The Code Ocean UI shows files within a capsule on the left hand side. All capsules are given the same basic structure, with the following folders, each with an intended use case and size limitations:

See the Code Ocean user manual for more detail on the structure of a compute capsule’s default folders.

Data management flow using an external data asset in S3

If you’d like to maintain a separate store of data independent from (external to) Code Ocean, you can make use of a bucket that you own in AWS S3. Note that we advise against doing this with the S3 bucket that we provided to you to ease the transition from Posit; rather, this guidance is for a bucket that you have complete ownership over.

We can recommend the following data management flow for this case:

  1. Set up an external data asset linking to your bucket in S3 for data storage.

    1. The bucket name and path in an S3 URI correspond to the following: s3://{bucket name}/{path, including any applicable sub-folders}
  2. In your capsule, attach to data/ and read/copy data from it.

    1. At the start of a project, you may skip this step if you haven’t yet pulled your data from a database (e.g. with spatialmap_from_db).
  3. In your interactive Cloud Workstation session, operate on the local version of your data.

  4. Save updated data and intermediate files to scratch/ during session.

  5. When you reach a key milestone in analysis (e.g. finished QC, or finished clustering), move any data files that should be saved in a more persistent manner into results/, which will facilitate moving them to an external data asset.
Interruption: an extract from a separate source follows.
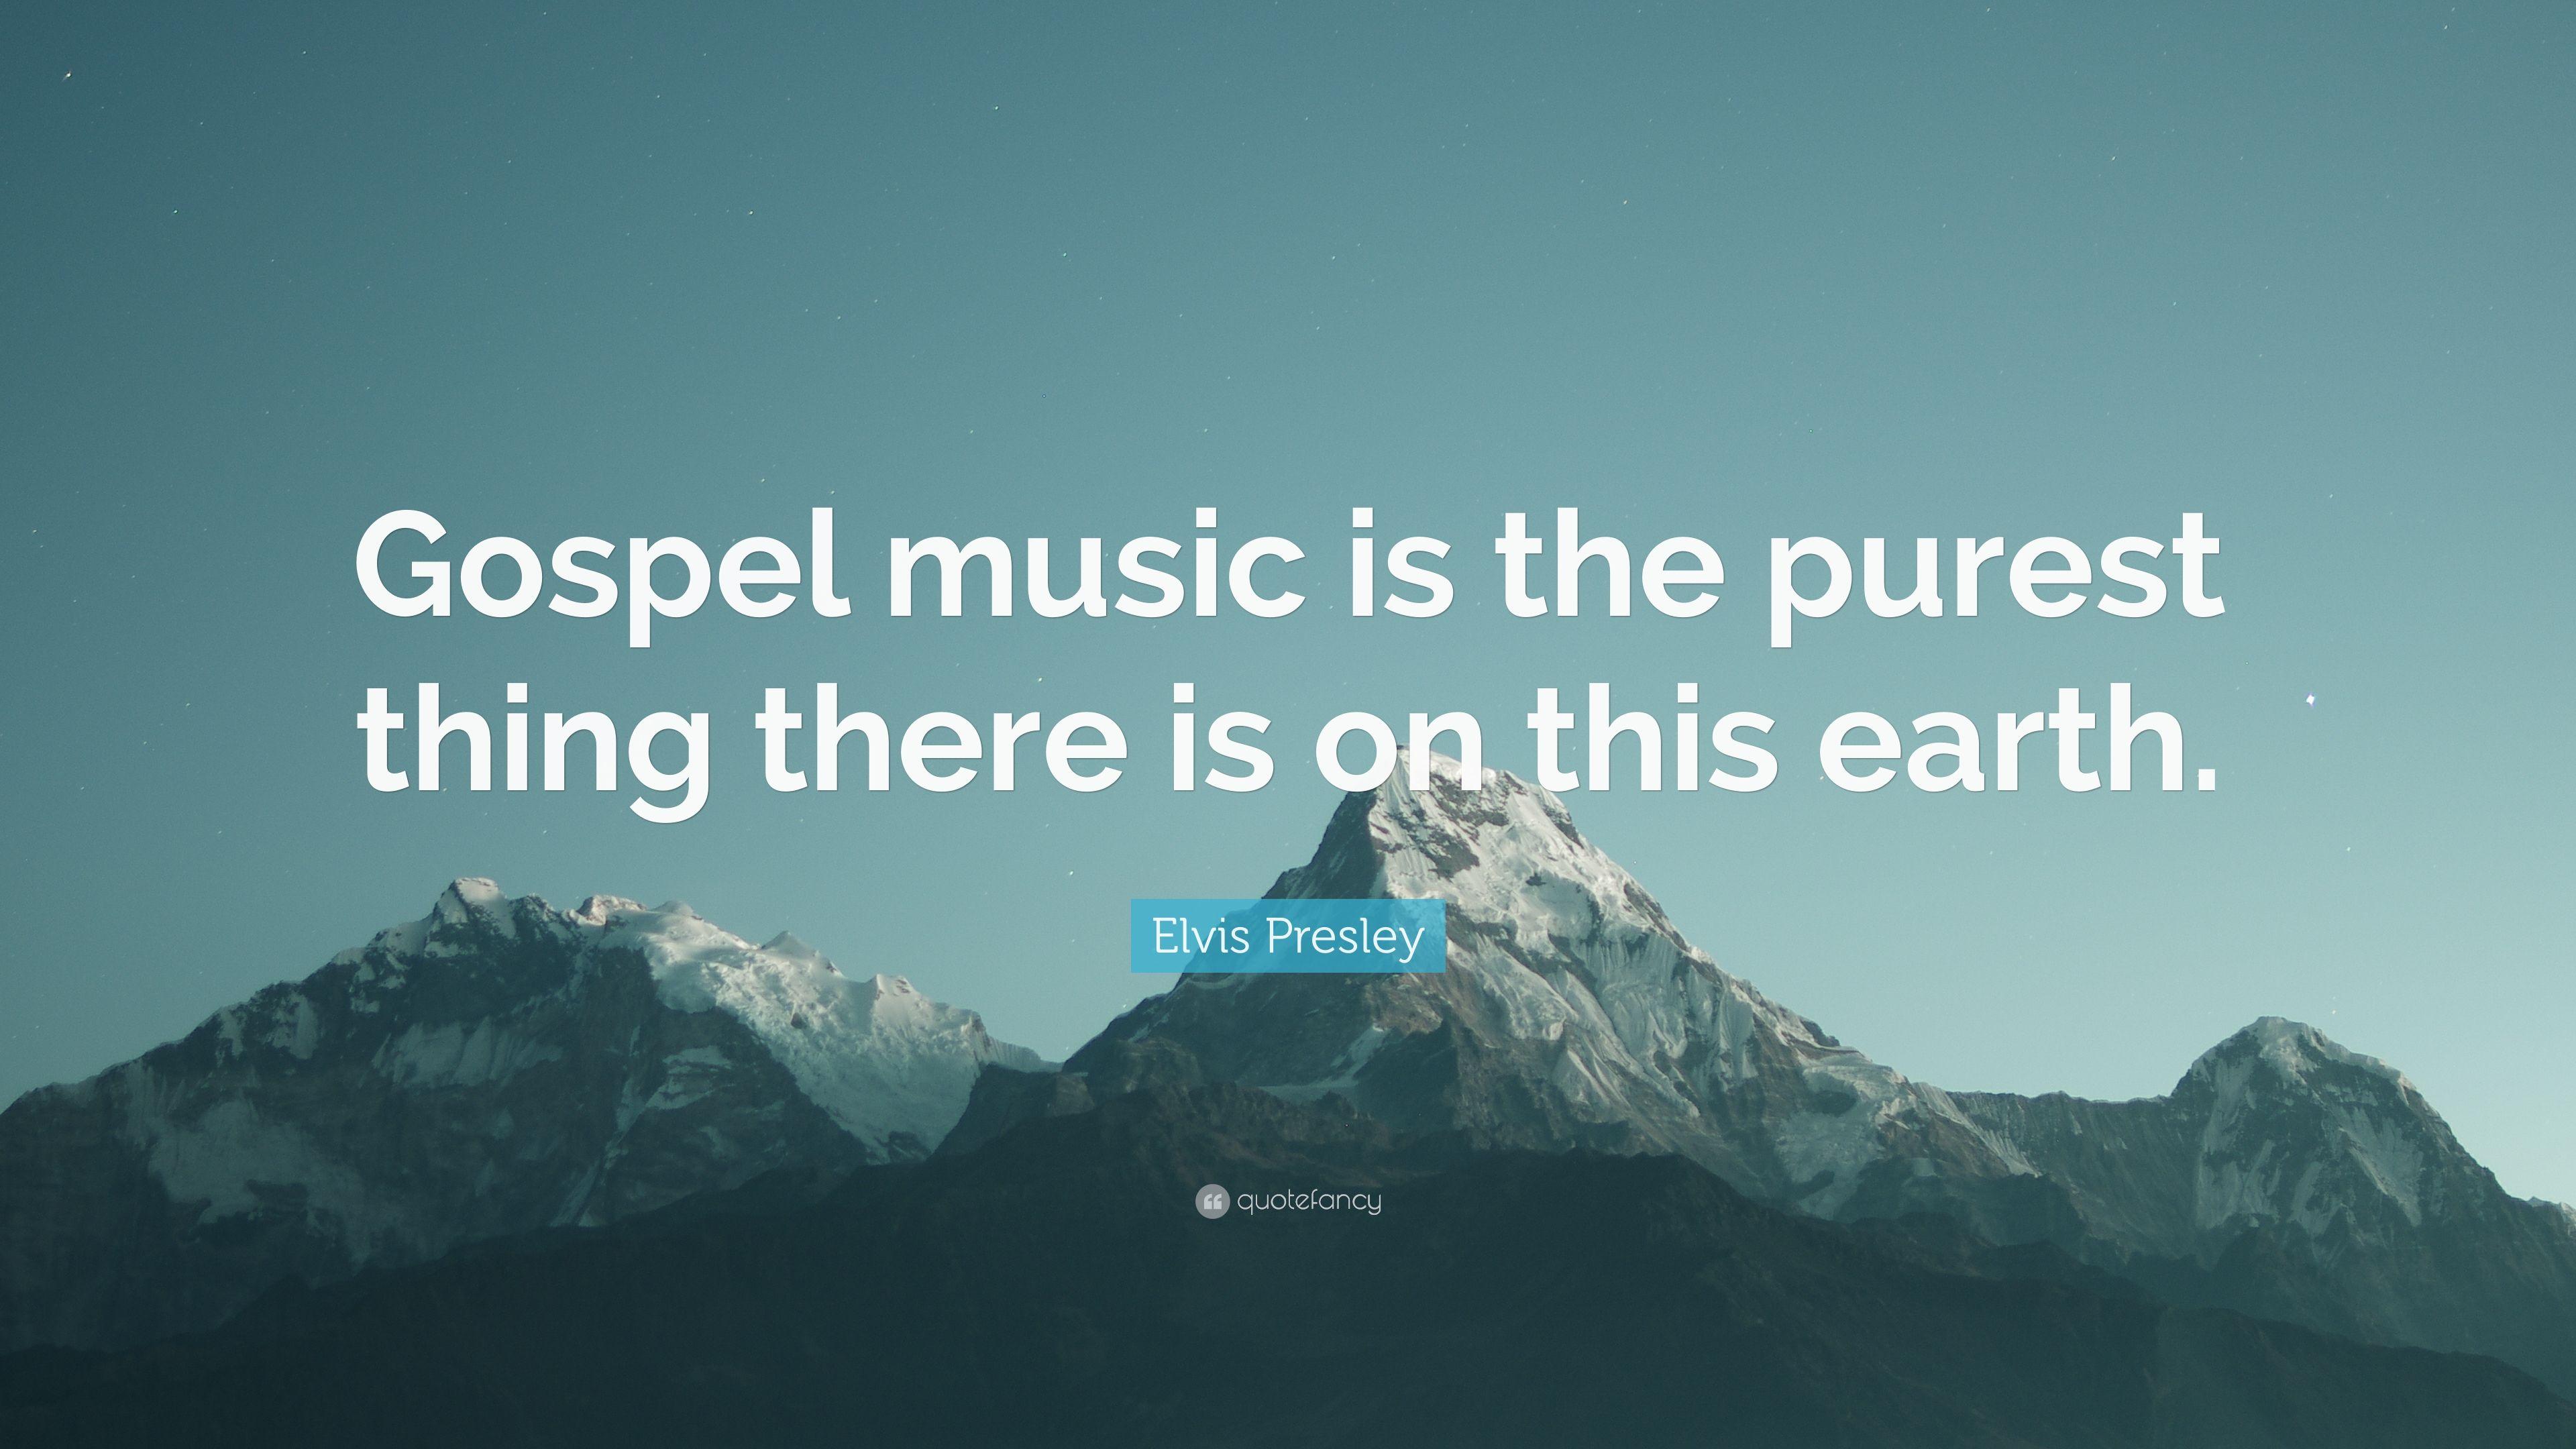 Elvis Presley Quote: “Gospel music is the purest thing there is

Put the Cloud Workstation on hold or shut it down.

    1. Warning: if any file name matches an existing file in the bucket where these are to be saved, they will be overwritten! You will NOT be warned when creating the new data asset!
  6. After hold/shut down is complete, use the Reproducibility pane to create a new data asset from the results snapshot.

    Right click on the Run / results snapshot >

    Right click on the Run / results snapshot > Create Data Asset

    1. Fill out appropriate info for external data asset (i.e., matching the S3 bucket/folder setup in Step 1).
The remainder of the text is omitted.